Tak dikira, ternyata tampang dan sikapnya tak sama.
Setelah suasana sempat menegang karena para SATPOL PP berencana menggusur
hingga membawa alat berat, kini suasana sudah mulai stabil dan warga kembali
bersemangat untuk membersihkan kampung demi mendapatkan hadiah.
Hari demi hari mereka lalui dengan menjaga kebersihan hingga tak ada sampah
sekecilpun. Semua sampah mereka daur ulang dan menghasilkan uang. Hingga hari
penjurian pun tiba. Meski wajah mereka terlihat biasa, semua juri heran dengan
perubahan suasana kampung itu. Tampang mereka pun masih sama hingga mereka
pulang, namun mereka merasa bangga dengan perubahan itu.
Hari pengumuman tiba, para warga berkumpul di lapangan kota. “Mereka juga
ikut?” ujar seorang warga dari kampung lain saat melihat kampung pimpinan Elina
memasuki lapangan. “Eh, bukannya kampung mereka mau digusur karena kumuh? Pasti
mereka kalah,” teriak warga lain saat Yoga lewat.
Lagi-lagi, Yoga mengeluarkan kata-kata mulianya. “Warga sekalian, kita di
sini bukan untuk menang namun membuktikan bahwa kampung kita bisa bersih
dan lolos dari penggusuran. Jadi, jangan berkecil hati jika kampung kita tak
memenangkan hadiah. Paling tidak kita tahu, bahwa hidup bersih itu lebih indah
dan berharga mahal.” Warga mengangguk setuju.
“Hadirin yang berbahagia!” Seru seorang MC diatas panggung. “Kini saatnya
pengumuman juara satu Lomba Kebersihan Tingkat Kota yang memperebutkan piala
Walikota Cup.” Semua hening, berdebar menanti pengumuman. “Dan, pemenangnya
adalah..” suasana lapangan makin hening, jangkrik pun tak ingin bersuara.
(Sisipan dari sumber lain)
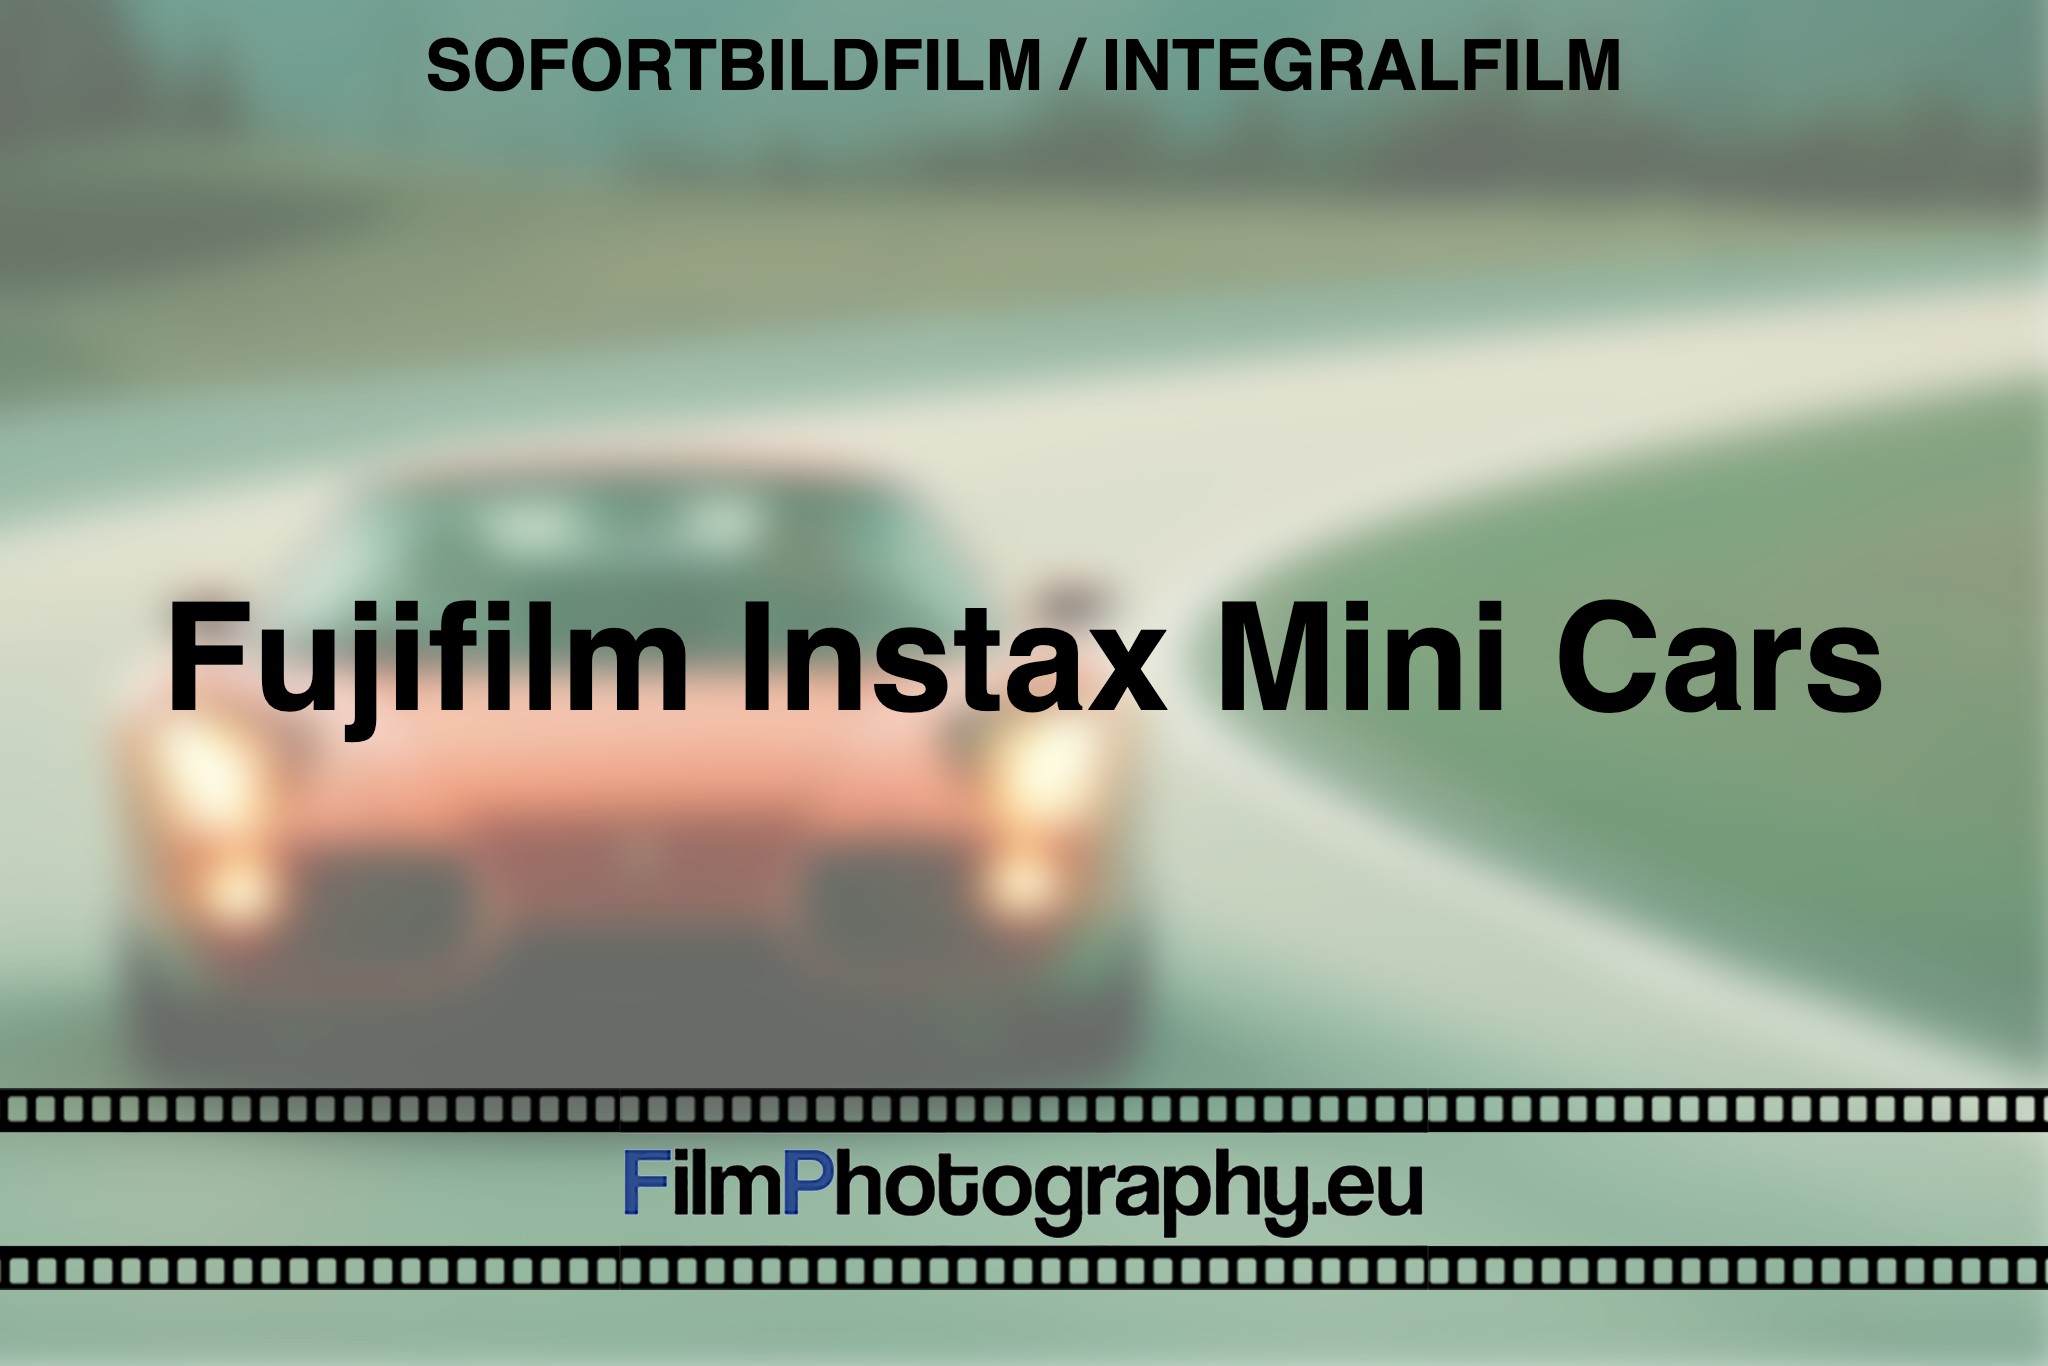 fujifilm-instax-mini-cars-sofortbildfilm-integralfilm-fp-bnv

“Kampung pimpinan Ibu Elina!!” Hening lagi. Semua kaget, tak disangka kampung
sekumuh itu memenangkan lomba kebersihan ini.
Tak sia-sia perjuangan Elina, Yoga, tiga gadis pintar, dan semua warga
membersihkan kampung. Penggusuran gagal, hadiah pun ditangan. Kini mereka sadar
bahwa hidup bersih tak sesulit yang mereka pikirkan. Hanya butuh kemauan, kerja
keras, dan pengorbanan.
Terkadang sesuatu yang baik berawal dari paksaan. Dan sesuatu yang baik itu
hanya butuh dikembangkan dan dipertahankan.